For a given stimulus and time window, a neuron can only have one firing rate. One may wonder what distinguishes the low firing rate of an entracking neuron to a low frequency component vs. the low firing rate to a component above the entracking limit. The key would again be in the uniform firing rate, with low variability, across neurons in the case of a low frequency component. Above the entracking limit, firing rate is no longer clamped to the value dictated by the dominant ISI of a neuron’s inputs and will vary across neurons.

7 Discussion

The main goal of this chapter is to introduce a new way of thinking about pitch coding, grounded in CNS physiology. If there is a robust representation of pitch in the dominant ISI distribution in the AN (Cariani and Delgutte 1996a, 1996b), and if some neurons convert ISI directly into a corresponding firing rate, then it seems possible that the dominant ISI interval is coded as predominant firing rate. Evidently, the scheme proposed here is incomplete. Questions arise how and where a butte profile would be read out; how such a representation would mesh with the spectral representation needed for F0 above ~ 500 Hz; how phase-invariant this representation would be; etc. We conclude with some interrelated issues.

An important issue is the effective bandwidth of central neurons. Several CN neuron types integrate over wide frequency regions (Godfrey et al. 1975; Winter and Palmer 1995): partials that are resolved at the level of the AN may be unresolved in these CN populations.
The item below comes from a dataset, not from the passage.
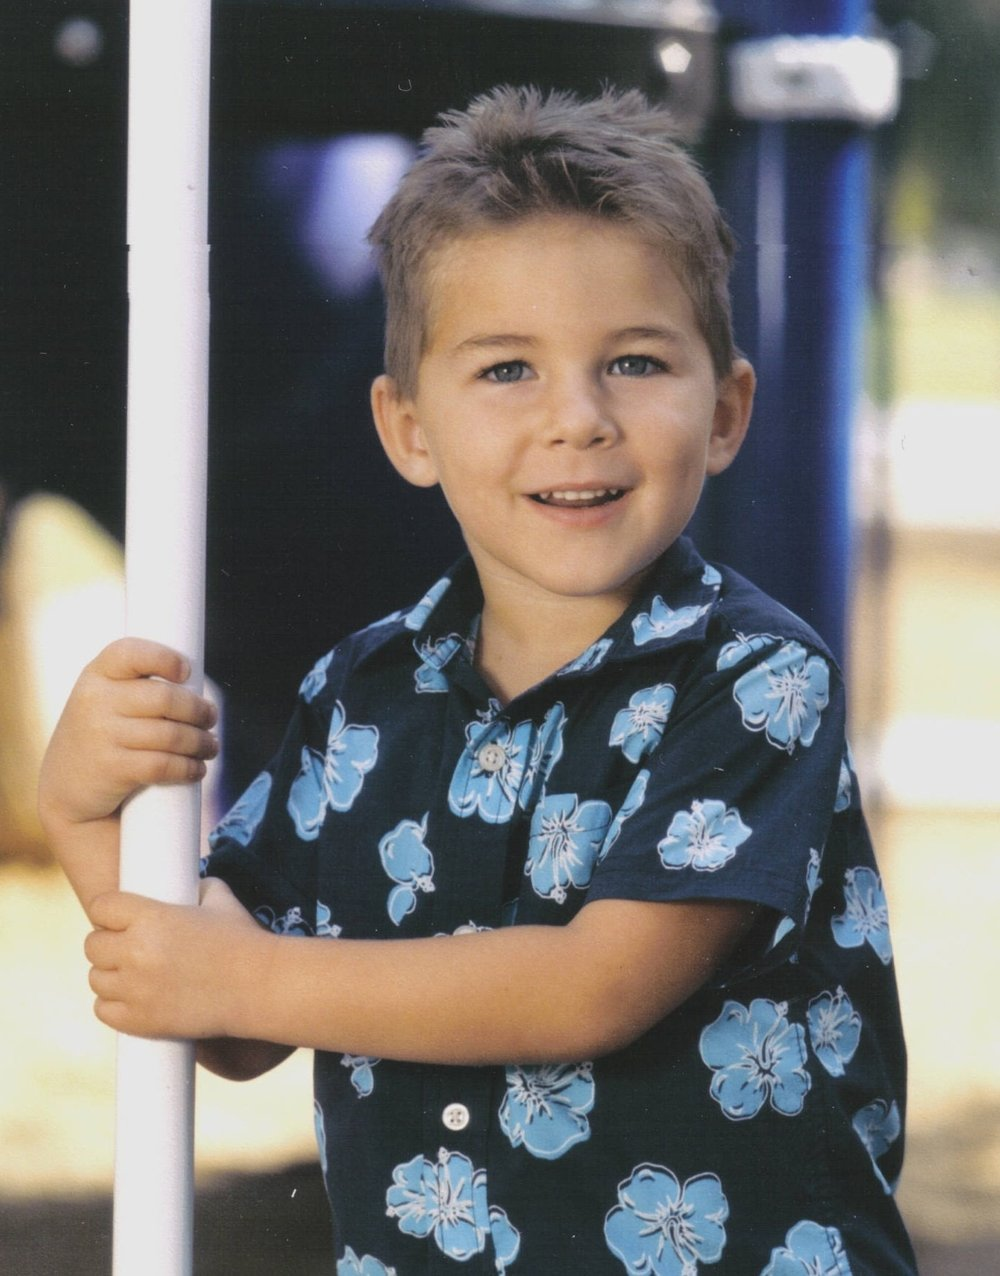 little boy with diabetes

The autocorrelogram-like display in the dominant ISI hypothesis sums across frequency channels (Cariani and Delgutte 1996a, 1996b): for such an operation a wide bandwidth would be beneficial. Another issue is whether there is a specific physiological subset of neurons or even a separate brainstem nucleus which codes periodicity via entracking. Entracking is observed in a diversity of structures and neuron types, suggesting a distributed mechanism, but this does not exclude the existence of a brainstem “pitch center” specialized in this form of encoding. For CN neurons showing entracking, convergence of multiple inputs from the AN is obviously required; the degree of entracking in responses beyond the CN suggests that there are multiple stages of such convergence. A strong form of the butte hypothesis is based on perfect entracking; a weaker form only requires a monotonic relationship between firing rate and pitch-related period without attaining equality. One of the most critical issues is phase invariance, which we see as an experimental issue. Some neurons in the CN show good envelope coding to quasi-frequency-modulated (QFM) stimuli (Rhode 1995). Possibly there are always some neurons entracking at the pitch-related period, no matter what the phase spectrum is. Finally, entracking is invariably accompanied by exquisite phase-locking. One could debate whether it fundamentally is a temporal or rate code. The temporal aspects of the response are disregarded here in the sense that it is the constancy in rate, within and across neurons and stimuli, that codes for pitch, while the phase of spiking is surmised to be irrelevant.